Sıradan bir polisin ya da askerin “hükmü” o yıllarda adı en fazla “bölge” olarak telaffuz edilen coğrafyada etkili bir emir-ferman konumundaydı. Durduk yerde üst baş aramasından geçirilmek, günün ya da gecenin bir vakti kapınızın kırılması ile evinizin darmadağın edilip ucunuzun nerede çıkacağını bilmeden “kayıp”lara karışmanız işten bile değildi.
Zor yıllardı velhasıl.
Korucu ol baskısı
Kırsalda olağanüstü hâlin askeri, polisi, özel harekâtı, JİTEM'i yetmiyor olacaktı ki, halktan paramiliter bir güç olarak Koruculuk sistemini kabullenmeleri dayatılıyordu. Kimi yerleşkeler tez zamanda paranın ve gücün büyüsüne kapılarak kabulleniyorlar. Kimileri içten istemeseler de devletin zalim gücünün hışmına ve zulmüne uğramamak için sonunun nereye varacağını düşünmeden silah alıyor koruculaşıyorlardı.

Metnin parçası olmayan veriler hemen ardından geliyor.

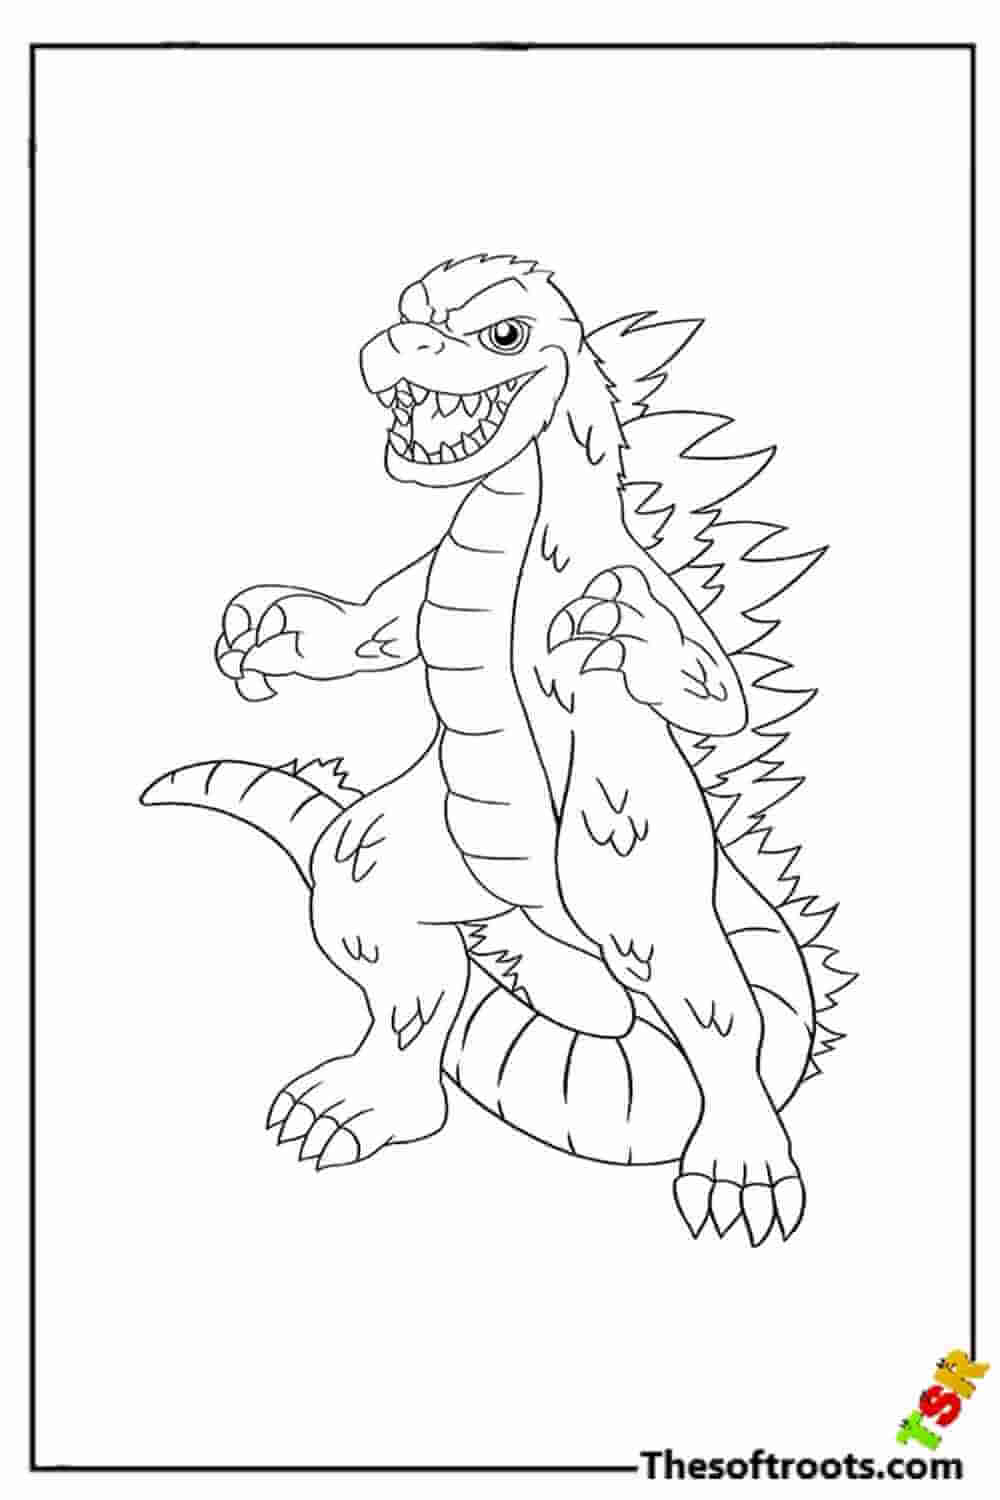 Cartoon Godzilla coloring pages

Kimileri de ucunda ölüm dahi olsa silah almayıp, koruculuğu kabul etmeyeceklerini yüksek sesle dillendiriyorlardı. Adı isyanlarla anılan, asi ve serdengeçti şehir Licê, koruculuğa karşı direnen Kürdistan şehirlerinden biriydi. Defalarca zorbalığa maruz kalmış olmasına rağmen direniyordu. Zorla ellerine silah tutuşturulan Liceliler dayanmışlardı Kaymakamlığın, Jandarmanın kapısına devletin silahını devlet görevlilerine iade etmek istiyorlardı. Koruculaştırılmak istenenlerden birinin sekiz yaşındaki çocuğu kalabalığın içinden öne fırlayıp “babama silahla birlikte zorla vermek istedikleri maaşı, biz onlara verelim, onlar kendilerine korucu olsunlar madem koruculuk bu kadar iyi bir şeyse!” diye bağırıyordu. 1994 yılında.

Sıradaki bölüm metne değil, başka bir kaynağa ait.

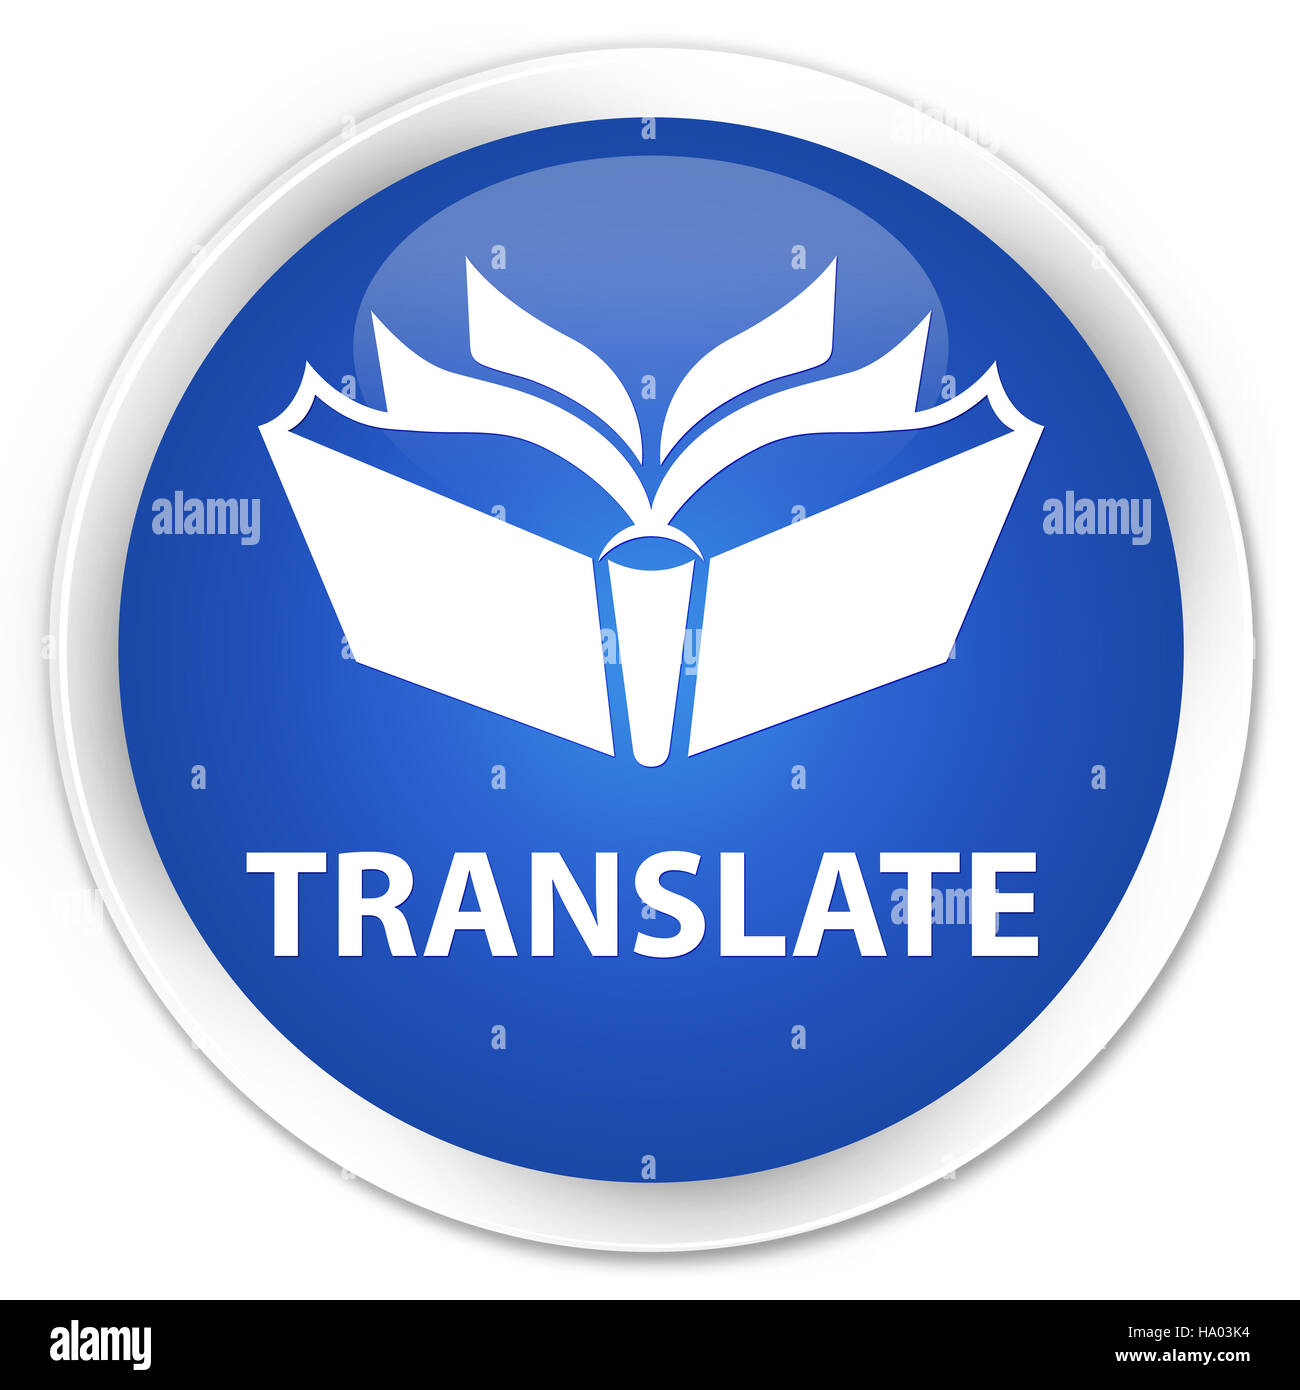 Translate isolé sur le bouton rond bleu premium abstract illustration Banque D'Images

22 Ekim 1993 tarihinde Jandarma Bölge Komutanı Tuğgeneral Bahtiyar Aydın, Licê’de komutanlık binası bahçesinde kannas tipi bir silahla suikasta kurban gitmişti. Ardından üç günlük “büyük felaket” Licê için başlamıştı. Sokağa çıkma yasağı ve insana, mekâna dair vur emri!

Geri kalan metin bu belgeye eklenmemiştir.